Dabei scheint der Roman seine Stärke in den Beziehungen zwischen den Figuren zu haben. Am stärksten war für mich der Anfang, der den Schwerpunkt auf Davids Erlebnisse legt und geschichtliche Ereignisse nur nebenbei erwähnt. Rührend ist zum Beispiel die Freundschaft zwischen David und dem japanischen Prinzen, der in starren Konventionen gefangen ist. An dem Prinzen wird die Beziehung zwischen dem Glück des Einzelnen und der Gesellschaft besonders deutlich.
Es sind übersteigerter Nationalismus, Aberglaube und Intoleranz, die immer wieder zu gewalttätigen, radikalen Strömungen im Land führen. Isau schildert sehr wortgewaltig, wie absurd und menschenfeindlich Regierungen und Werte sein können.
Der Autor hat eine Vielzahl sympathischer, ja liebenswerter Gestalten geschaffen. Den menschenfeindlichen Geheimbündlern stellen sich immer wieder hilfsbereite, gute Menschen entgegen. Leider sterben die meisten von ihnen, ohne dass der Kreis auch nur in Erscheinung tritt. Einziges Kennzeichen ist eine Deformierung des Rückens, wenn Negromanus seine Hände im Spiel hatte.
Das Jahrhundertkind ist größtenteils auf der Flucht und in Furcht vor dieser Übermacht. Dass David mit all seinen Kräften nicht den Kampf wagt und nicht einmal einsieht, dass er gegen den Zirkel gewaltsam vorgehen muss, war für mich wenig verständlich. Es zehrt definitiv an den Nerven, den Tod so vieler Unschuldiger zu sehen, ohne dass die dunkle Seite überhaupt Verluste erleidet. Immerhin macht David eine gewisse Entwicklung durch, wenn er von der völligen Ablehnung von Gewalt zu der Einsicht gelangt, dass dem Kreis der Dämmerung anders nicht beizukommen ist.

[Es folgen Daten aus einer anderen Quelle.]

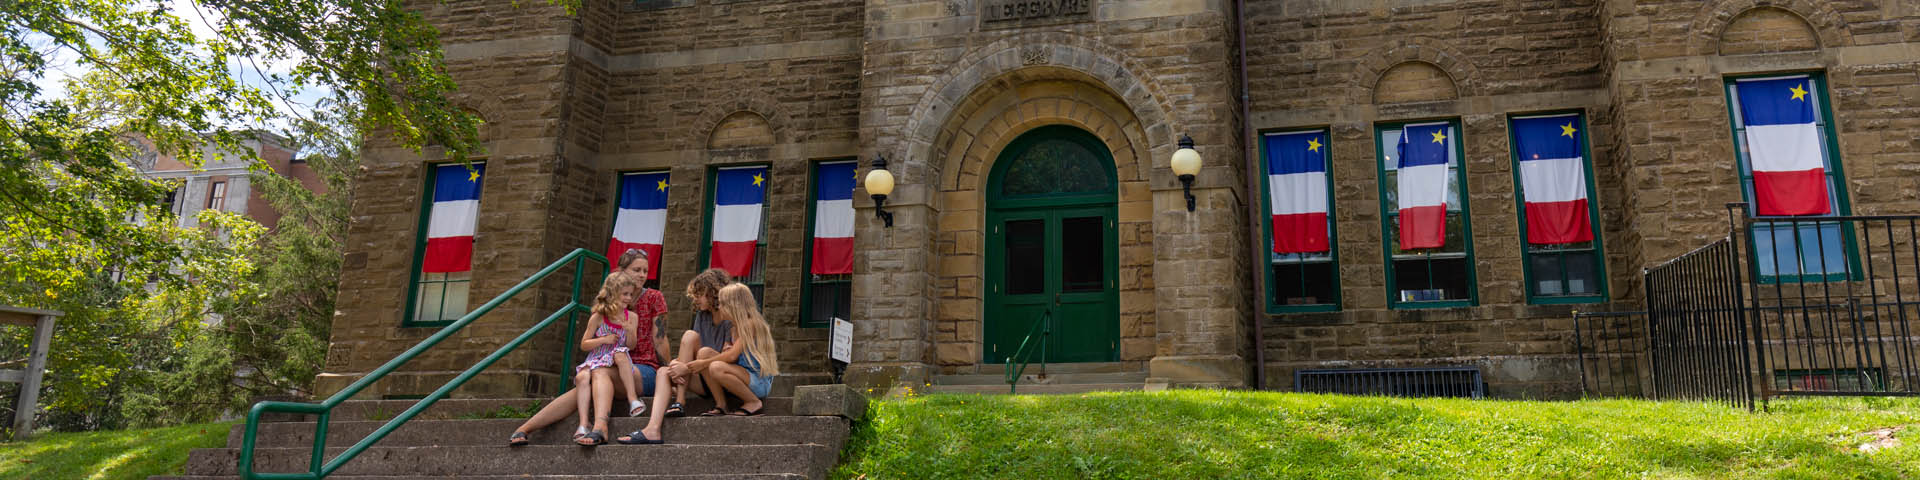 Une famille est assise sur le perron de l'édifice du Monument-Lefebvre. Des drapeaux acadiens sont accrochés aux fenêtres de l'édifice.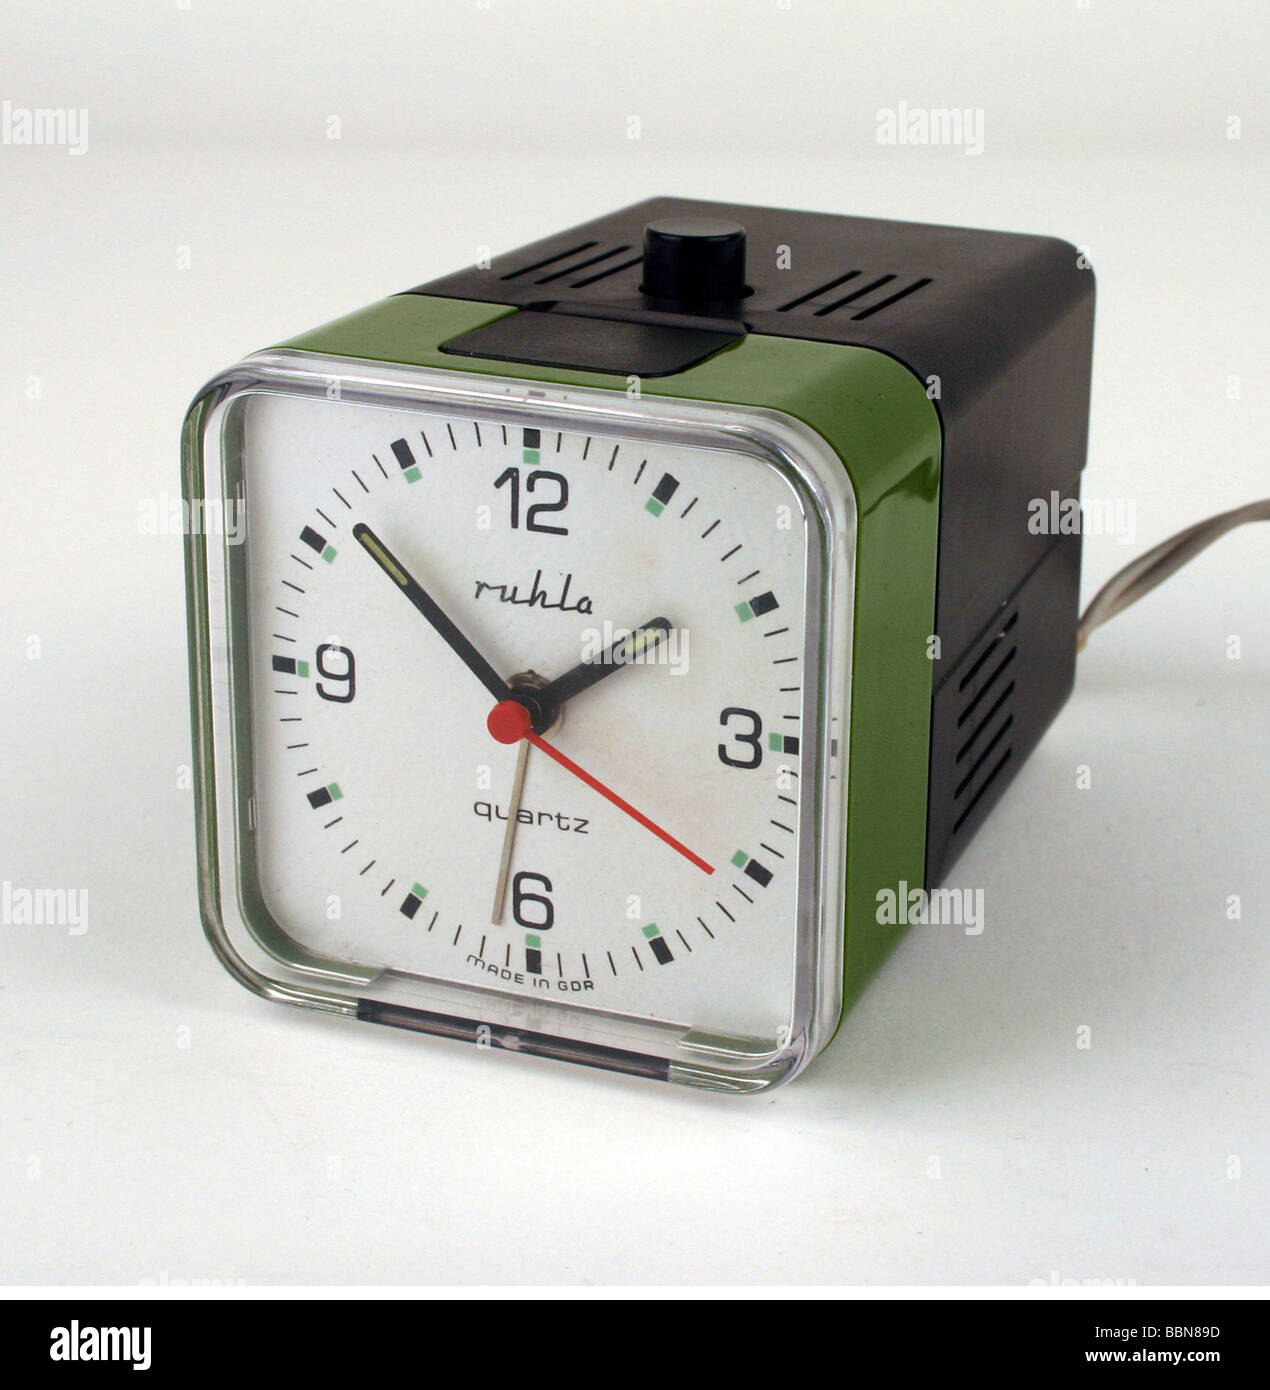 Uhren, Wecker für Gehörlose, Kaliber 64, hergestellt vom Kombinat Ruhla, DDR,  1970er Jahre Stockfotografie - Alamy

Trotz seiner Kräfte bleibt er in seinen Emotionen und Gedanken nachvollziehbar und menschlich.
Fazit
„Der Kreis der Dämmerung“ ist ein sehr geschichtslastiger, auch phantastischer Roman für alle Altersklassen, der sich manchmal ein wenig in der Fülle geschichtlicher Informationen zu verlieren droht. Die unterschiedlichen, sympathischen Figuren bilden ein Gegengewicht zu den vielen schweren Schicksalsschlägen, die der junge Protagonist erleidet. Wer gerne seine Geschichtskenntnisse auffrischen möchte oder gerne historische Romane liest, tut sicher keinen Fehlgriff. Dafür gebe ich 8½ Sterne.